[[ INPUT DATA, beginning ]]

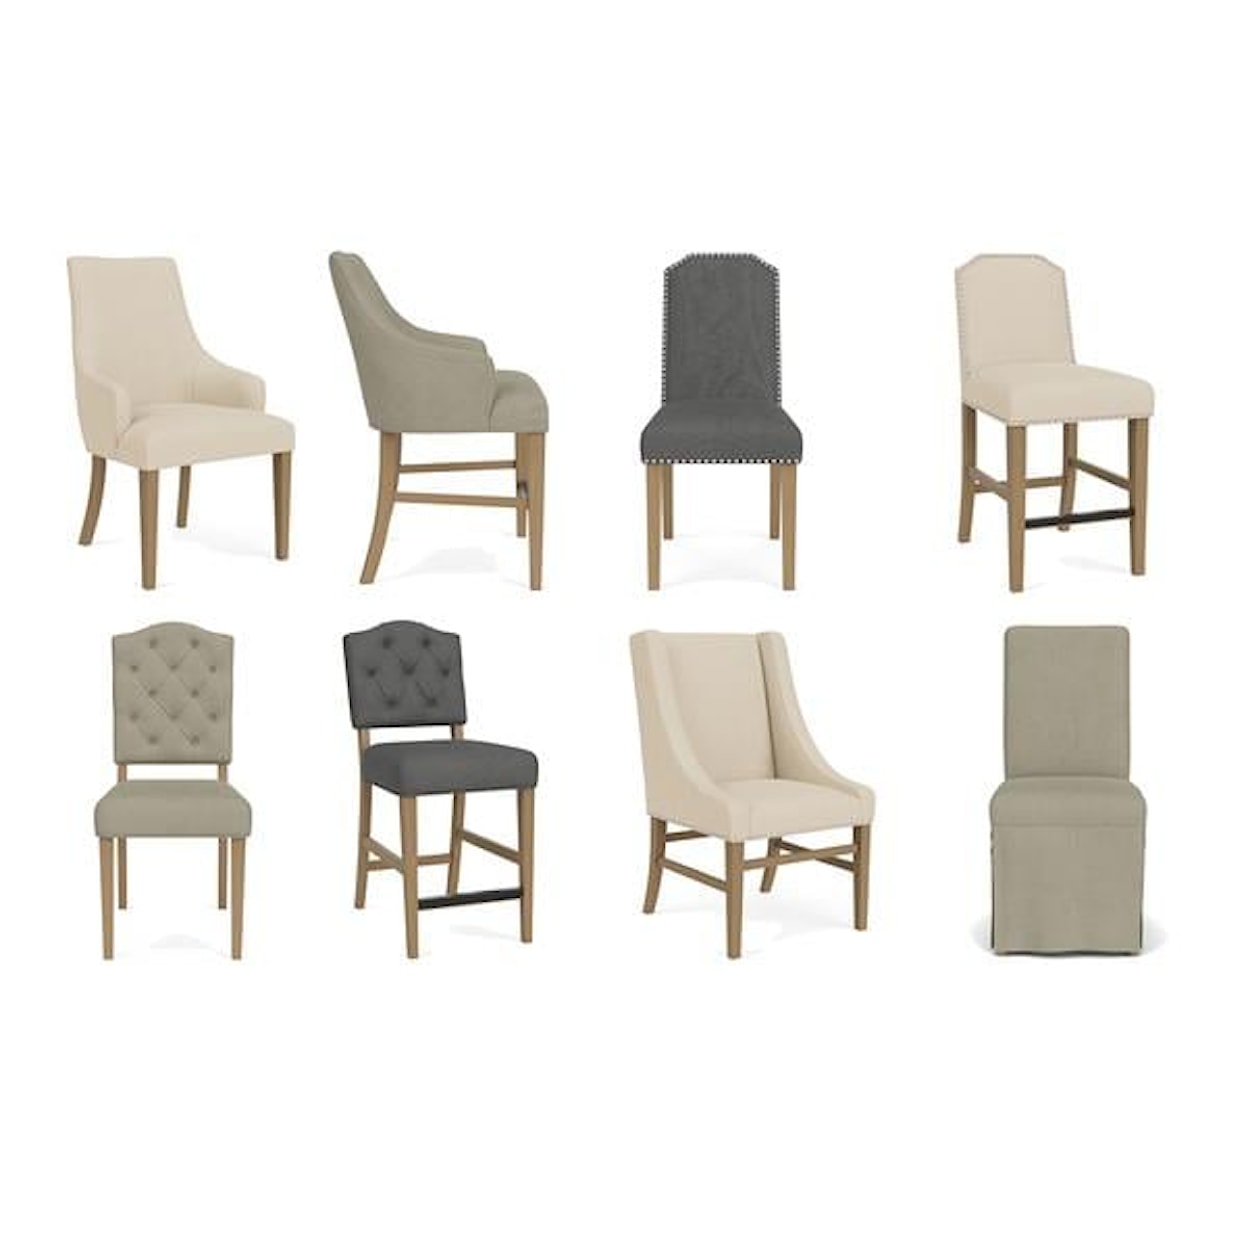 Riverside Furniture Mix-N-Match Chairs Upholstered Counter-Height Chair
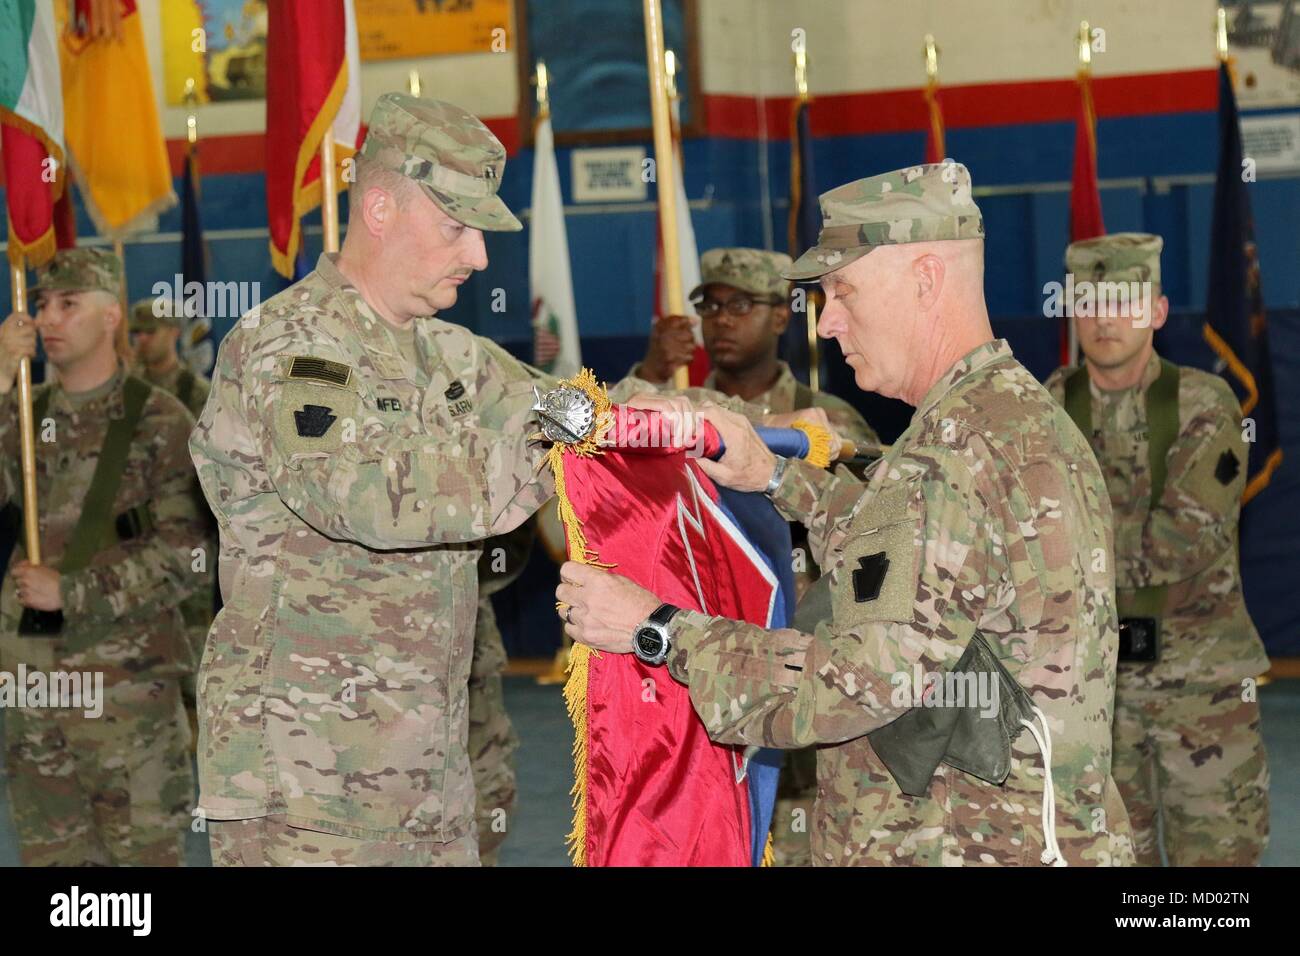 CAMP ARIFJAN, Kuwait – Maj. Gen. Andrew Schafer (left), 28th Infantry Division commanding general, and Command Sgt. Maj. John Jones unfurl the division colors during a transfer of authority ceremony March 8, 2018. The Pennsylvania Army National Guard unit’s headquarters and headquarters battalion assumed responsibility from its counterpart, the 35th Infantry Division which is comprised of soldiers from the Missouri and Kansas National Guard. The 28th’s HHBN will serve as a division headquarters for roughly 10,000 soldiers conducting theater security operations in the Middle East. (U.S. Army ph Stock Photo
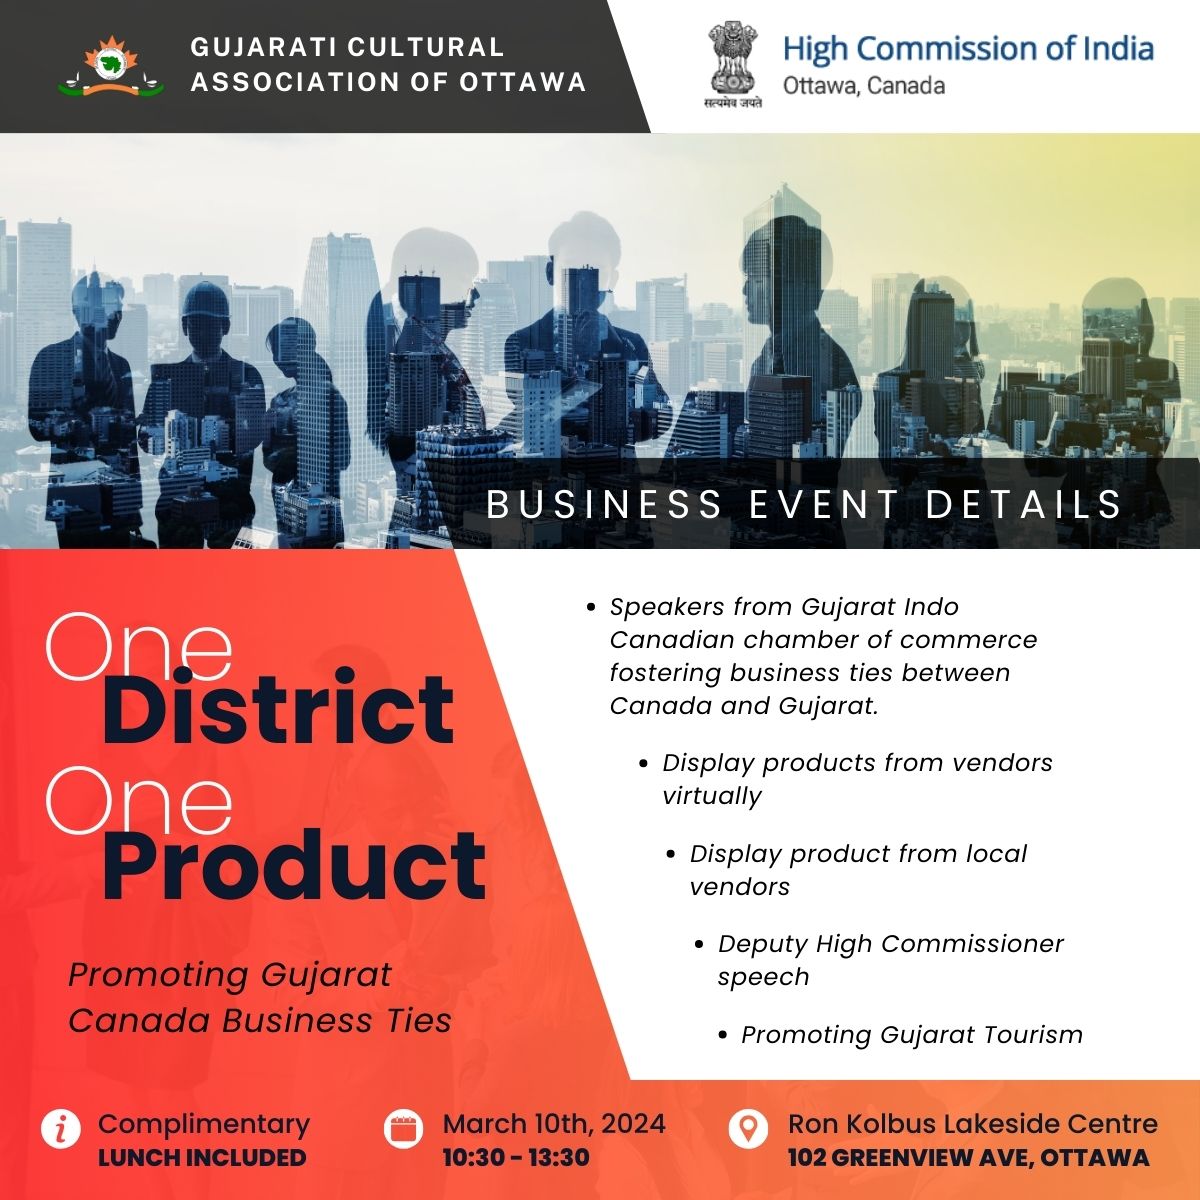 One District One Product Business Event
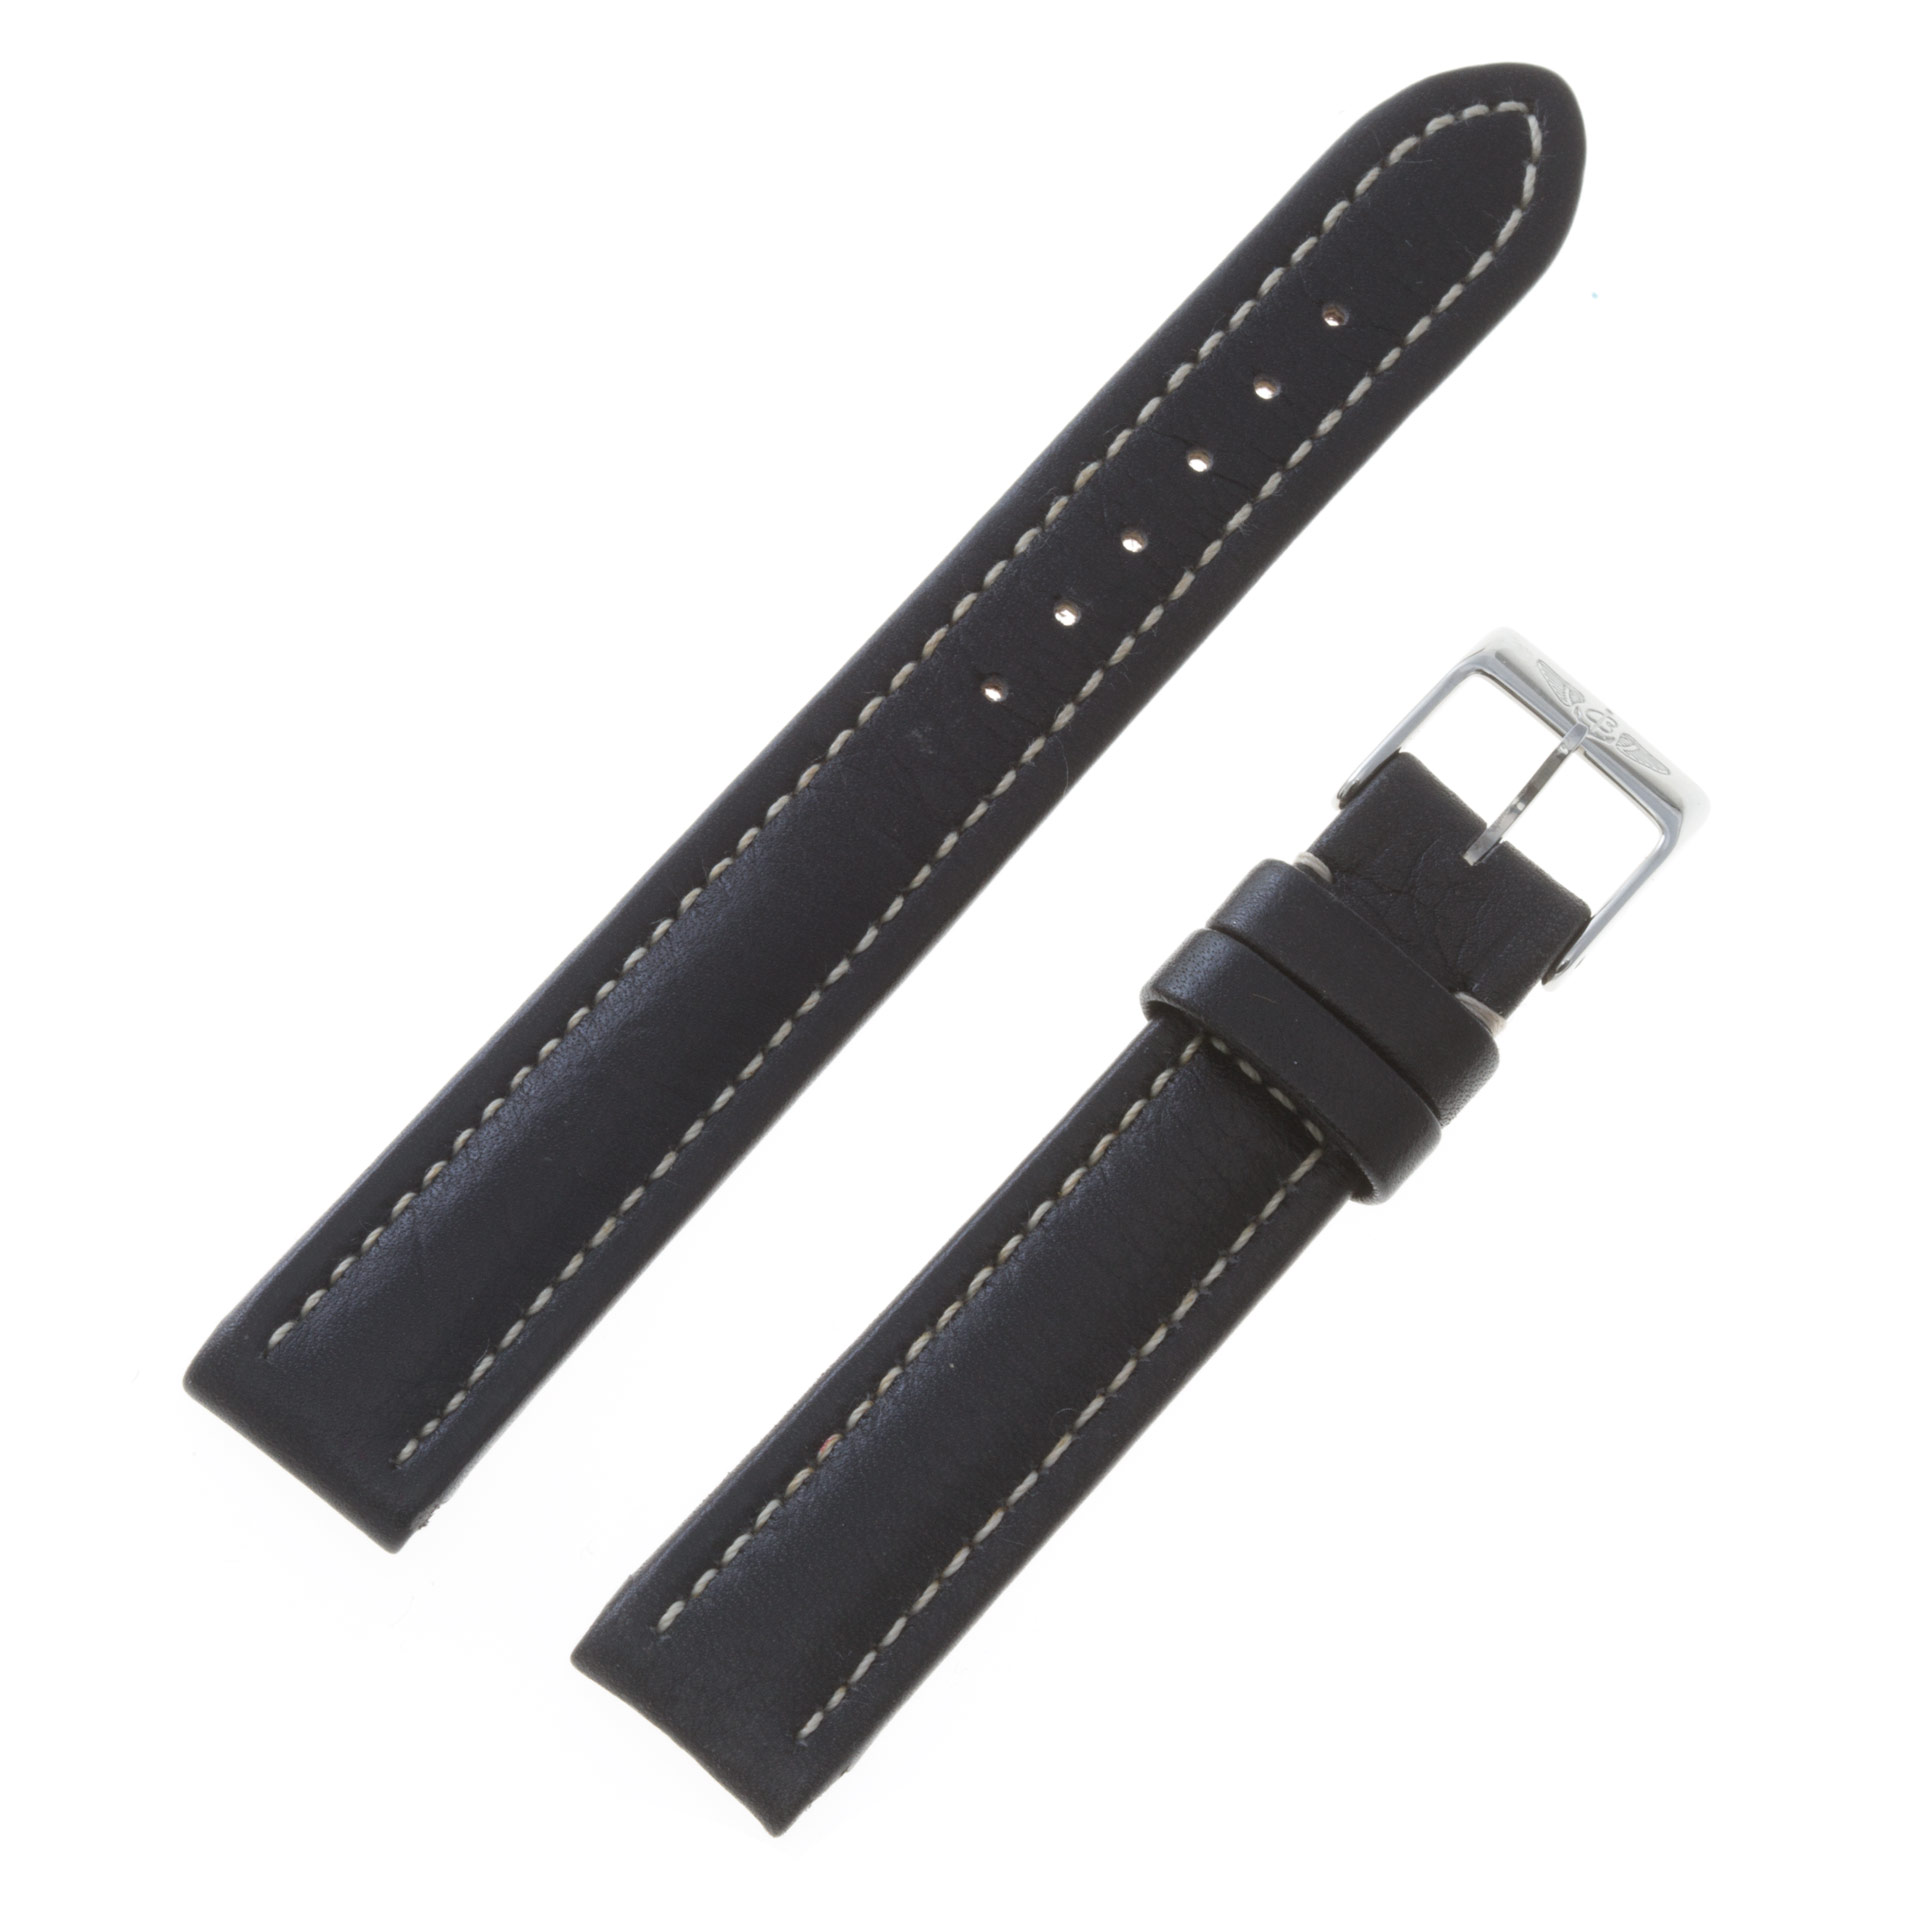 Breitling black leather strap with white stitching with original tang buckle  15mm x 14mm

[[ INPUT DATA, end ]]

EXERCISE INSTRUCTIONS. Could you repeat the data exactly, omitting its pictures?

WRITTEN RESPONSE.
 Riverside Furniture Mix-N-Match Chairs Upholstered Counter-Height Chair
 CAMP ARIFJAN, Kuwait – Maj. Gen. Andrew Schafer (left), 28th Infantry Division commanding general, and Command Sgt. Maj. John Jones unfurl the division colors during a transfer of authority ceremony March 8, 2018. The Pennsylvania Army National Guard unit’s headquarters and headquarters battalion assumed responsibility from its counterpart, the 35th Infantry Division which is comprised of soldiers from the Missouri and Kansas National Guard. The 28th’s HHBN will serve as a division headquarters for roughly 10,000 soldiers conducting theater security operations in the Middle East. (U.S. Army ph Stock Photo
 One District One Product Business Event
 Breitling black leather strap with white stitching with original tang buckle  15mm x 14mm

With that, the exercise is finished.